Adobe Buzzword is specially suited to do this. Most scientific publishers (Elsevier, Springer) and societies (IEEE, ACM, APA, APS, INFORMS) have just one or two typesetting styles for papers. I imagine a version of Buzzword which carries only the particular typesetting style(s) of the final published document, and researchers would already prepare those manuscripts ready for publication (there are glitches today, of course, like high-quality images and tables and equations--but hey, we´re talking about Adobe here!). A submit button would submit the papers for evaluation, either to a journal or a conference. Referees could make comments and annotation on the electronic manuscript itself, or even suggest minor rewritings of a part here and there. The process would be much smoother than even the most modern of online submission processes. And, since Adobe has flash, this means that they´re especially positioned to bring up future papers with movies, sounds, screencasts and whole simulations embedded. Wouldn´t that be rich? Doesn´t that beautifully fit with what´s stated in their page?

Adobe revolutionizes how the world engages with ideas and information .

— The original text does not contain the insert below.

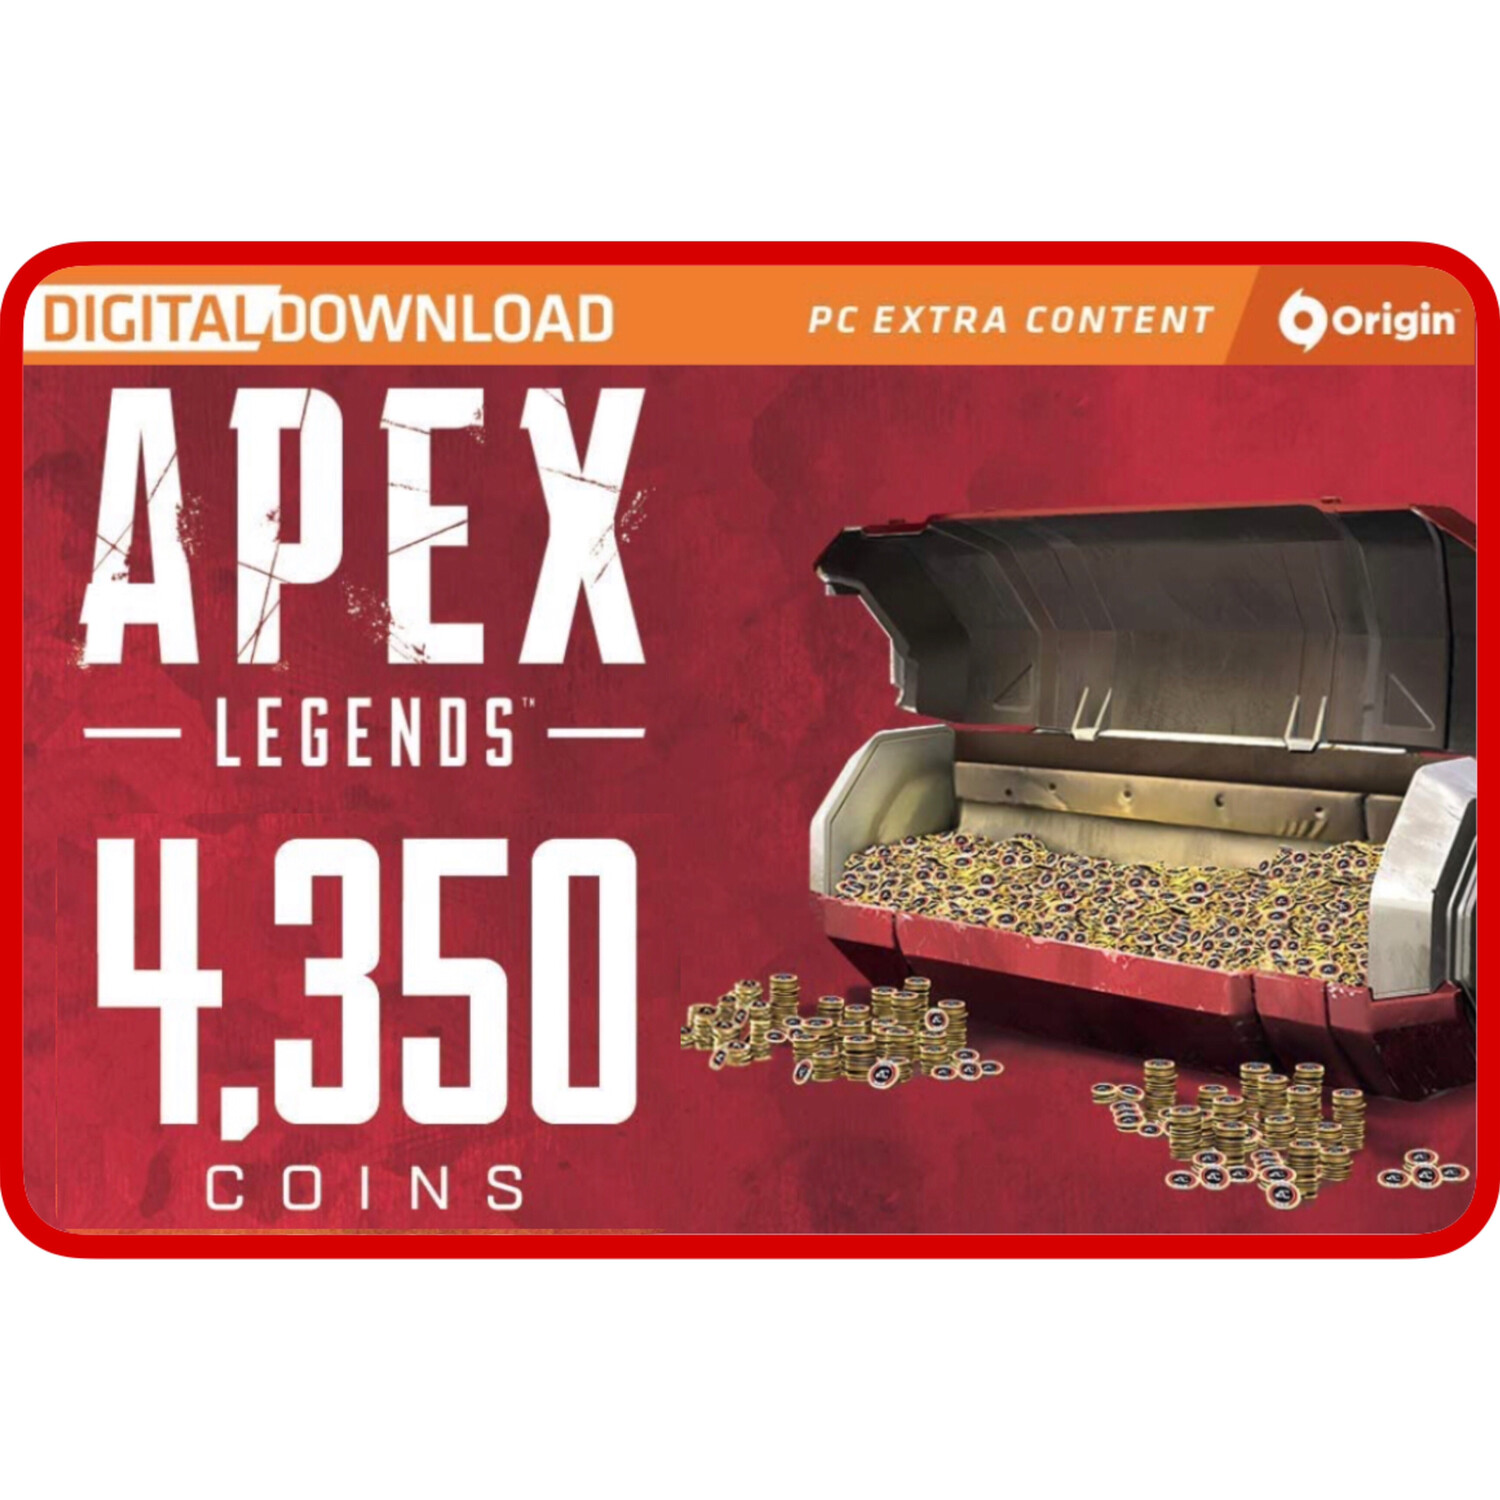 4350 Apex Coins Origins for PC

But Buzzword is just my favorite option (because it enables beautiful typesetting, is backed by a large, credible, player, works on any platform, and enables worldwide collaboration between authors, editors, referees). Other options could be desktop processors (MsWord, Pages, OpenOffice, etc). There would be a productivity gain by using something the likes of Buzzword, but using desktop processors wouldn´t affect the overall idea.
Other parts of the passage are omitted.